Your assignment
At the line with "42 schon kleiner", start transcribing; stop after the last line of the data below. Keep it exact and leave pictures out.

Data excerpt
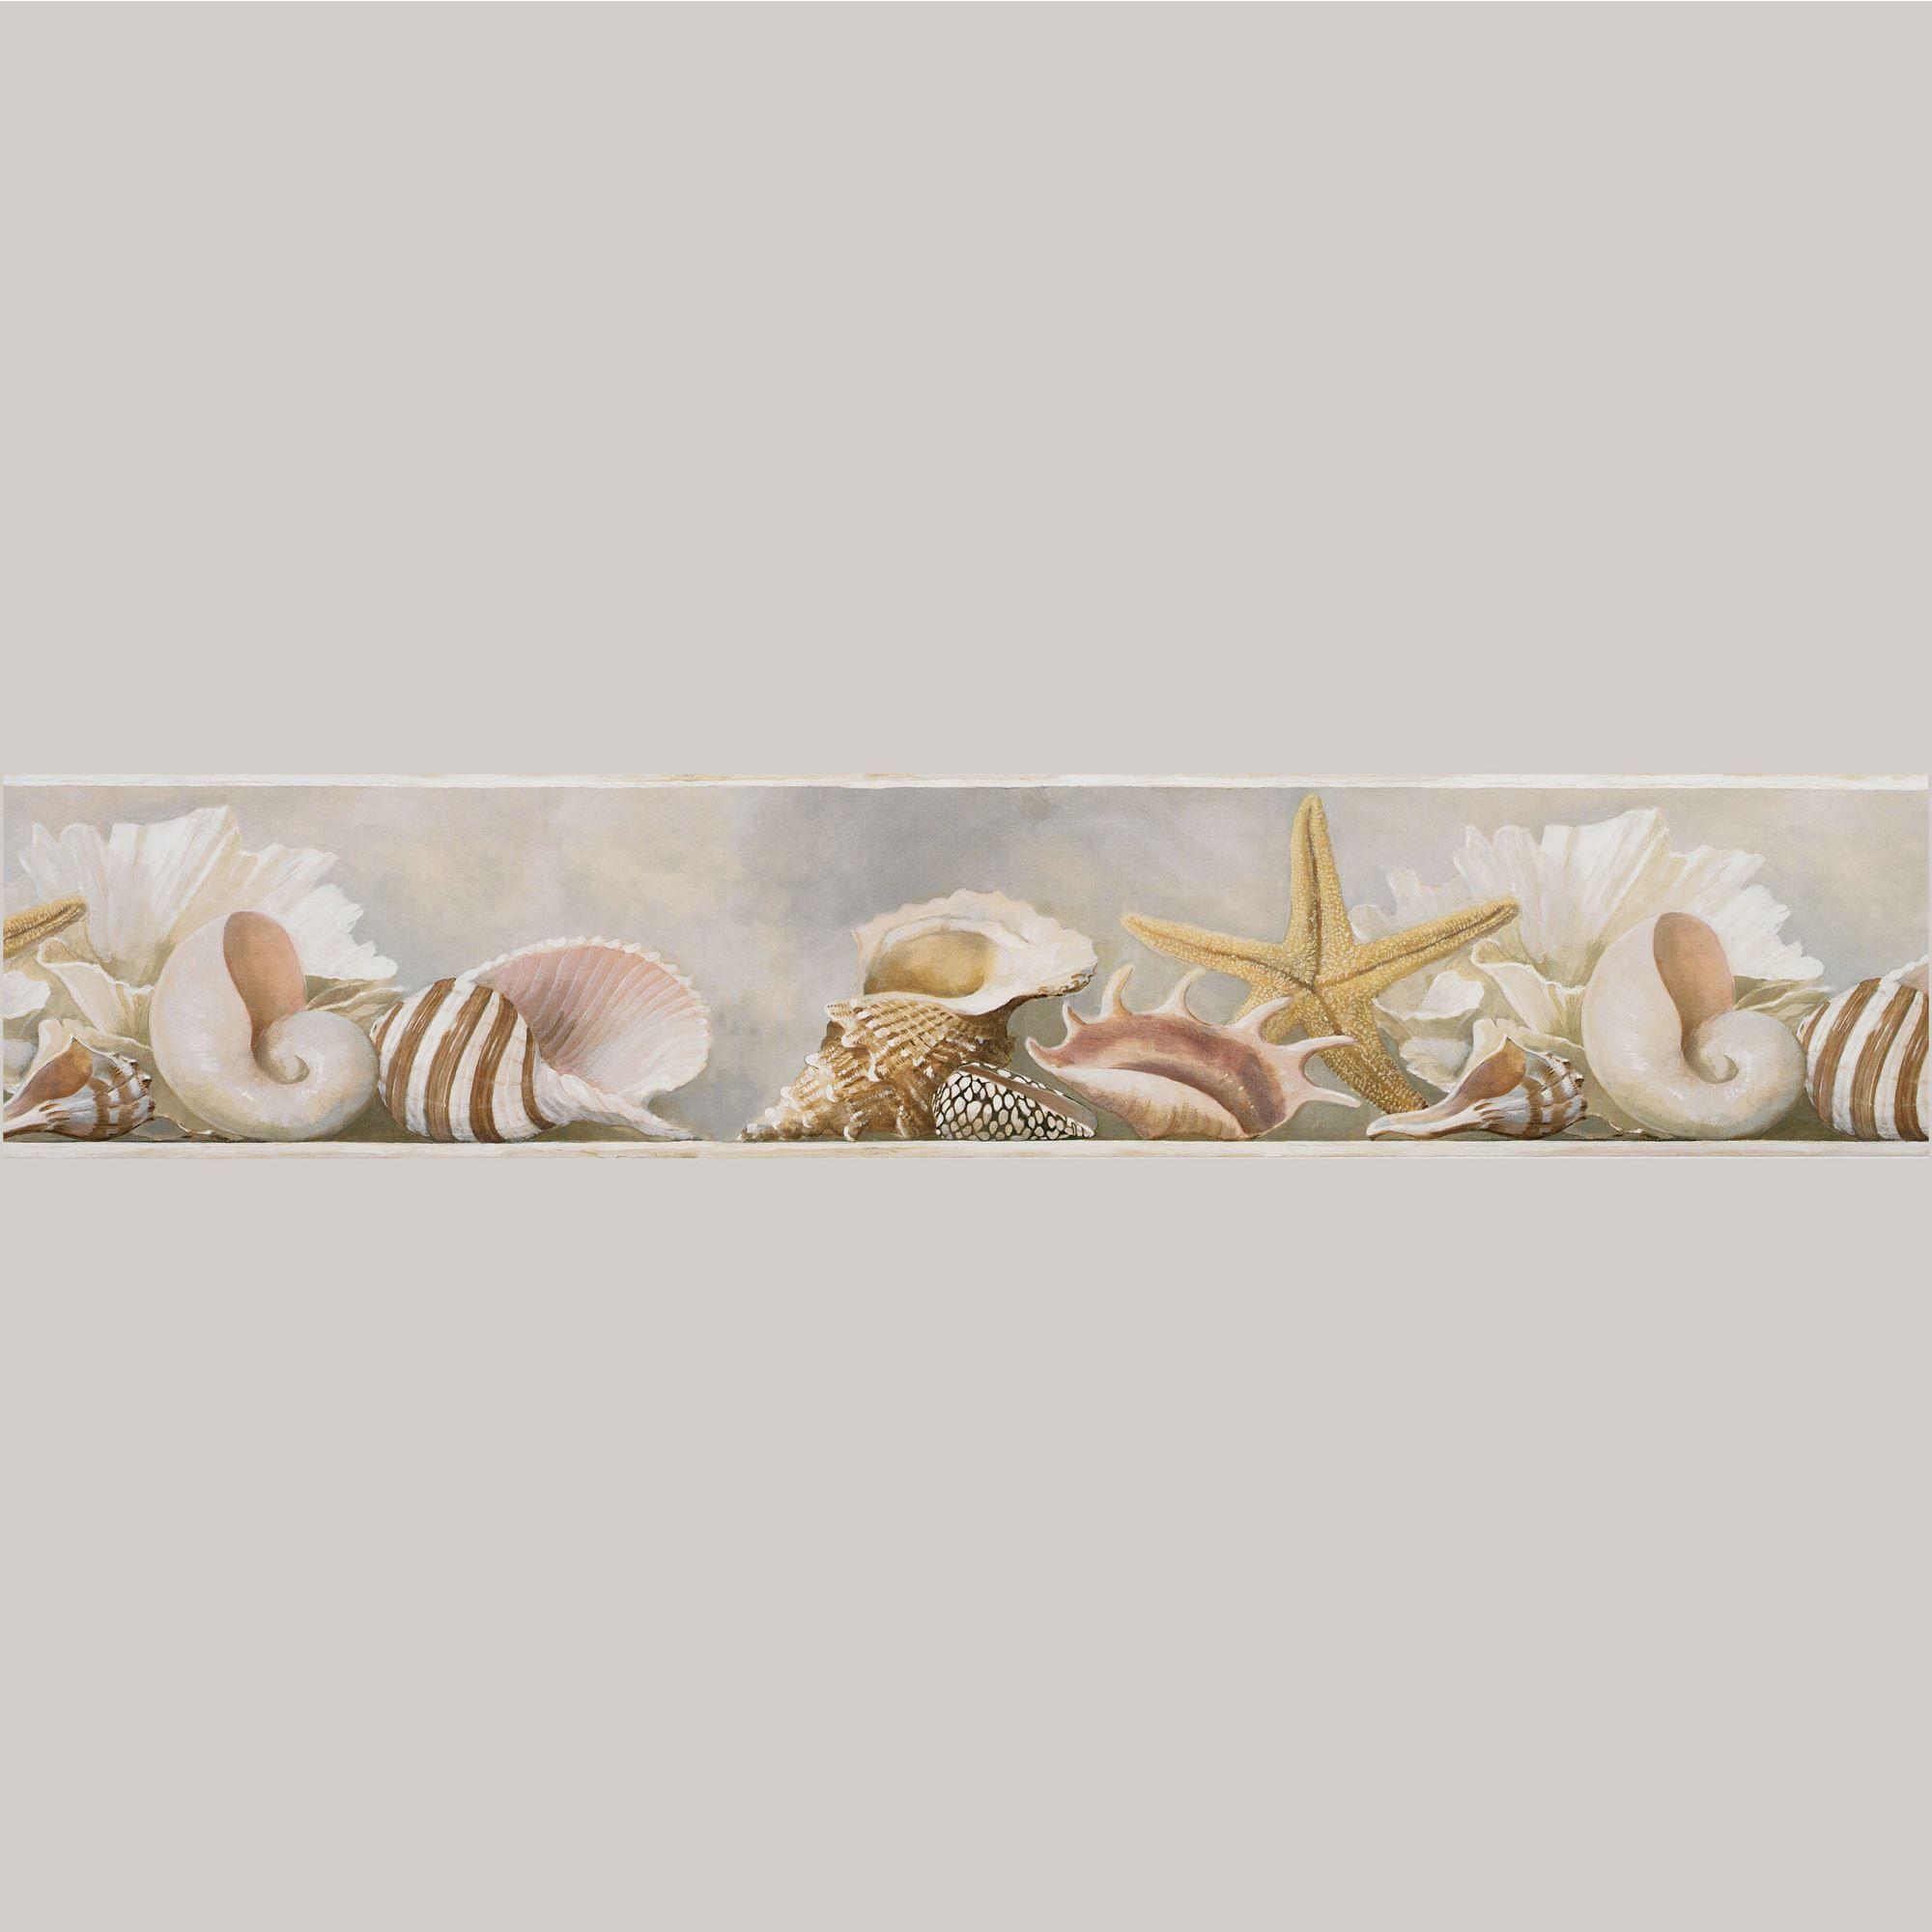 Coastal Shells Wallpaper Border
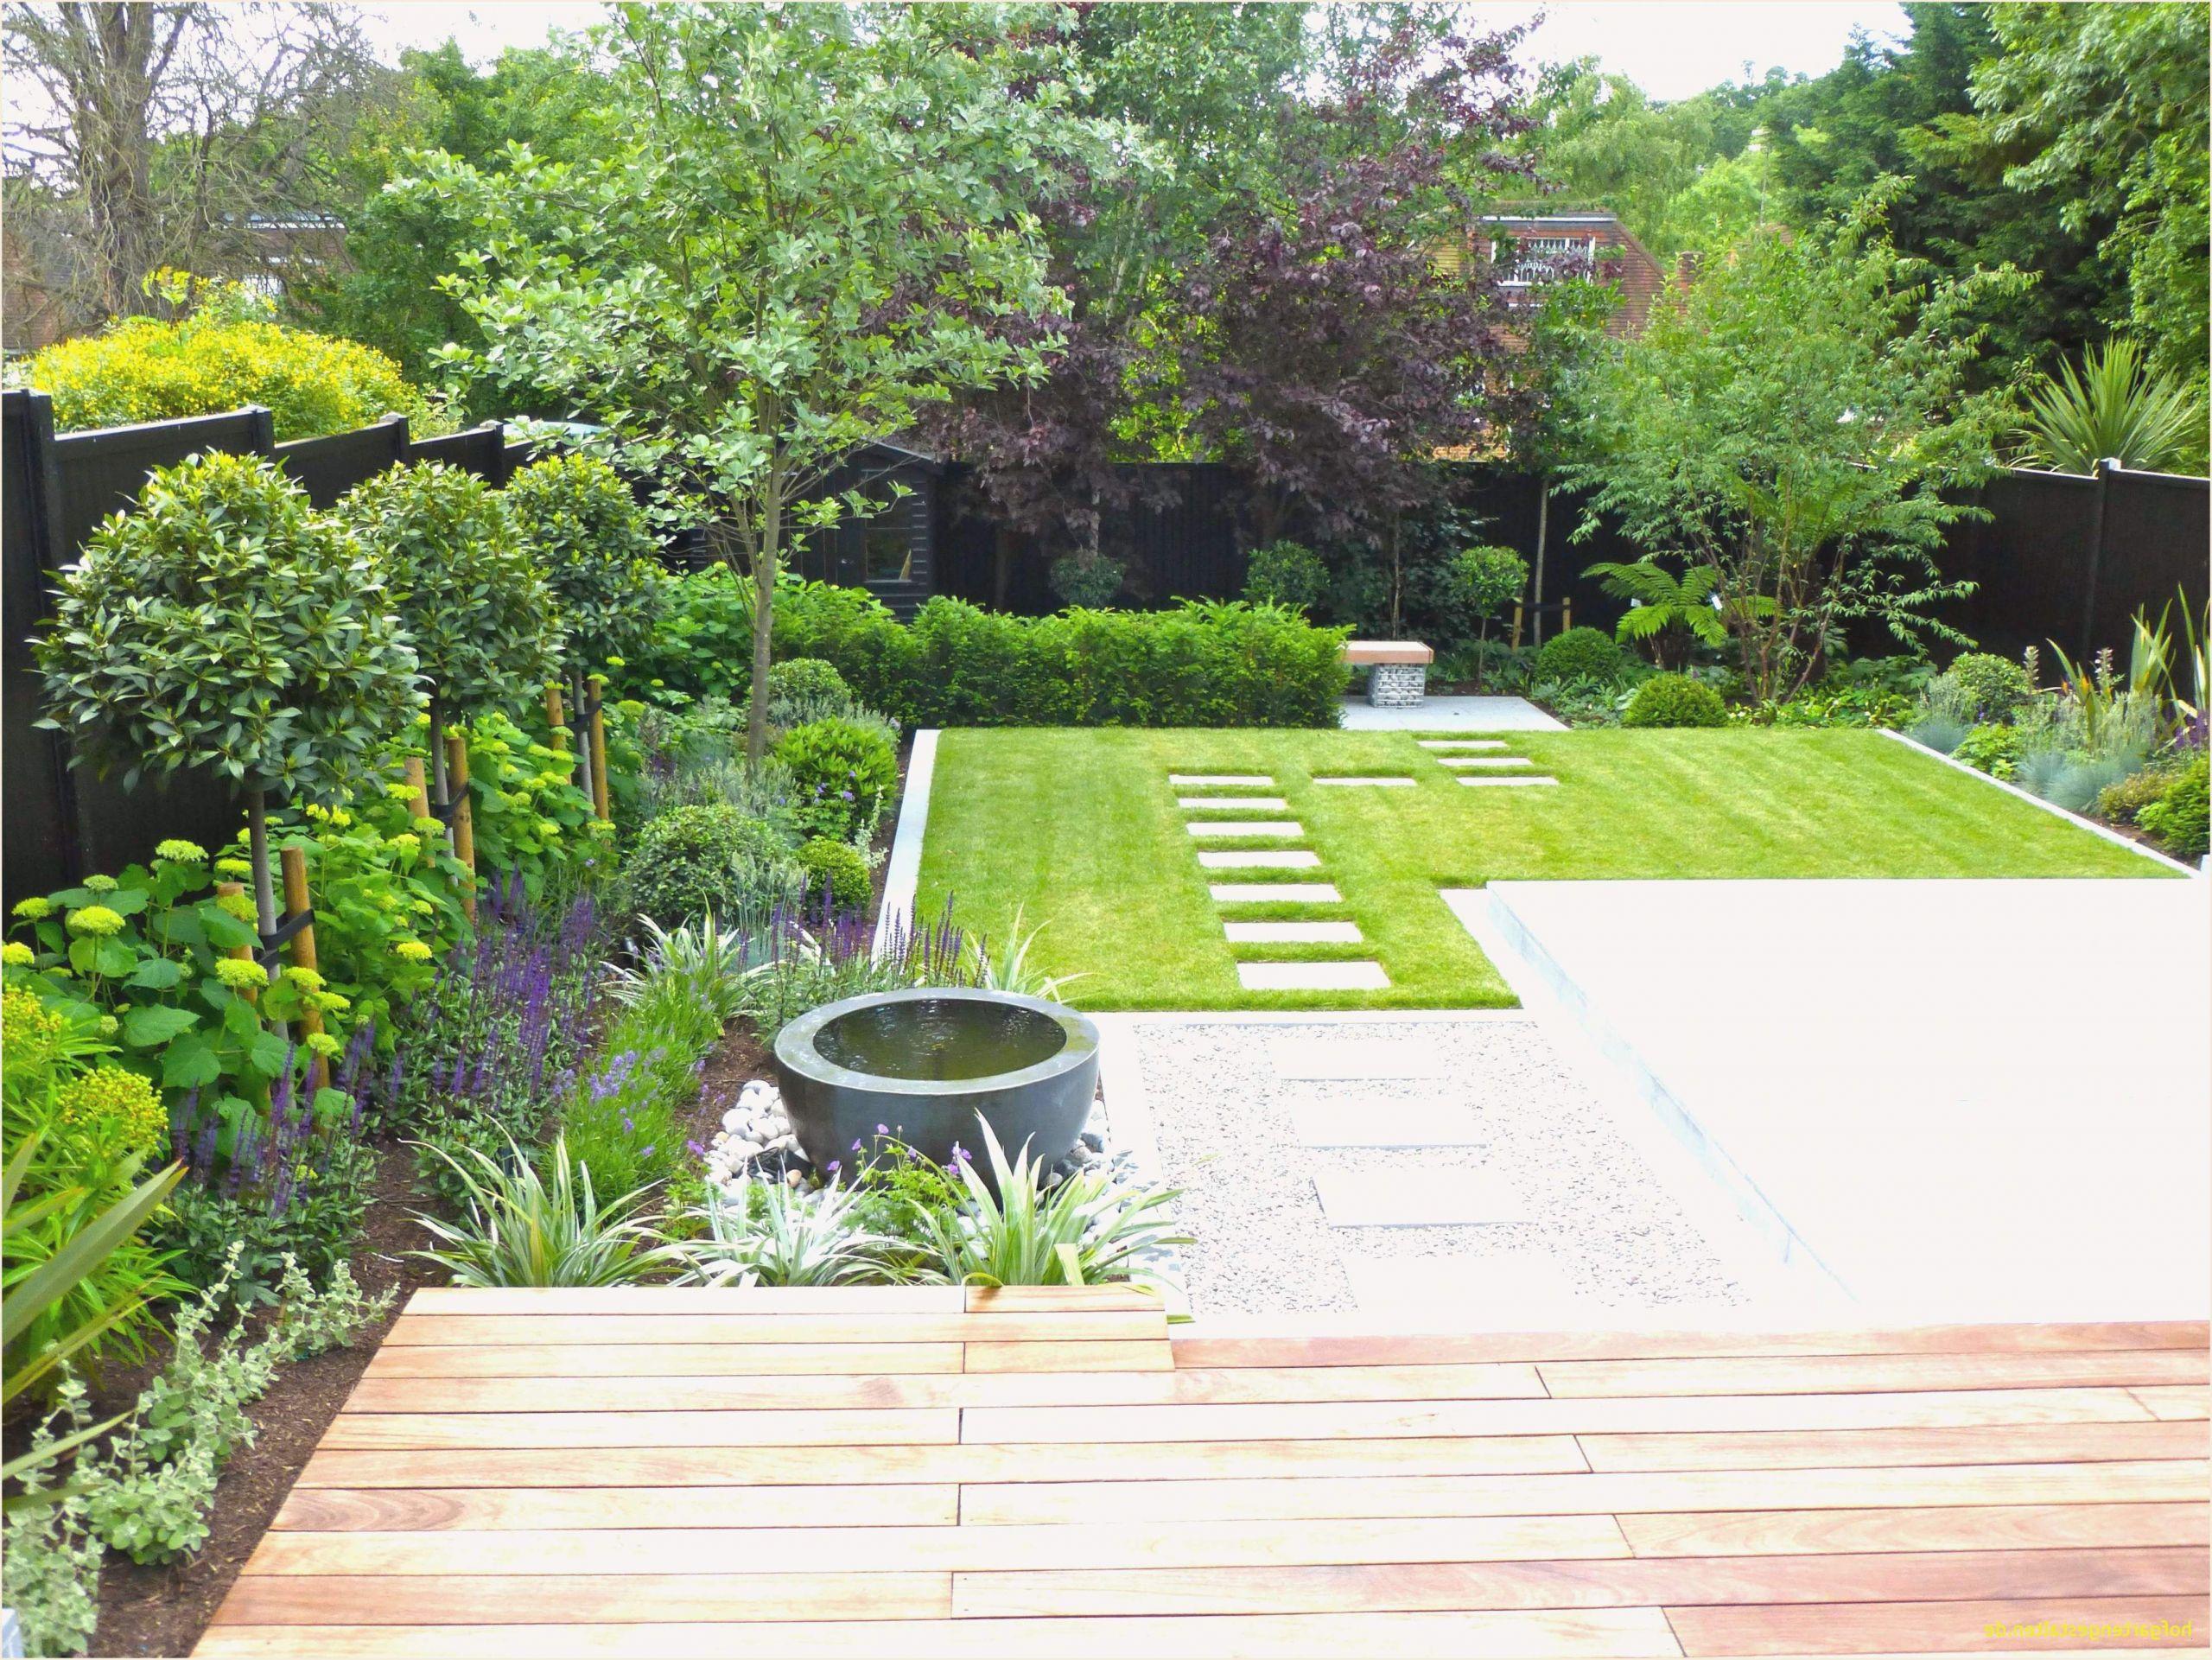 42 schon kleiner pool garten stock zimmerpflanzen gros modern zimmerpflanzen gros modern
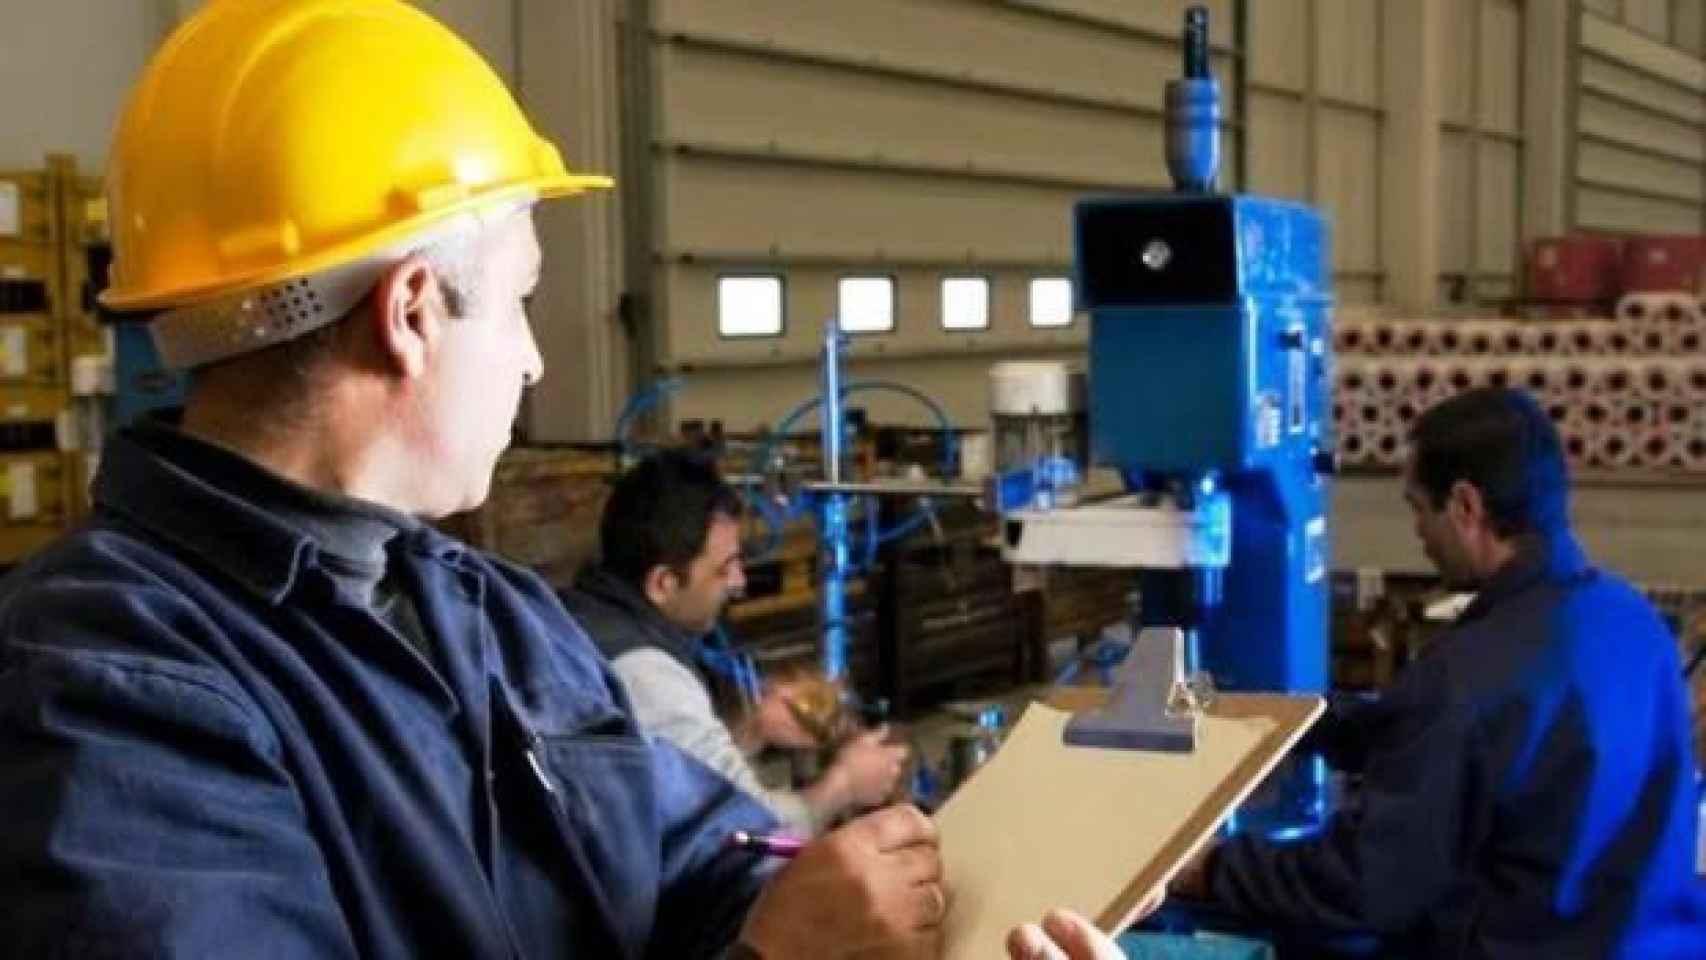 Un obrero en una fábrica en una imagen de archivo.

Task result
 42 schon kleiner pool garten stock zimmerpflanzen gros modern zimmerpflanzen gros modern
 Un obrero en una fábrica en una imagen de archivo.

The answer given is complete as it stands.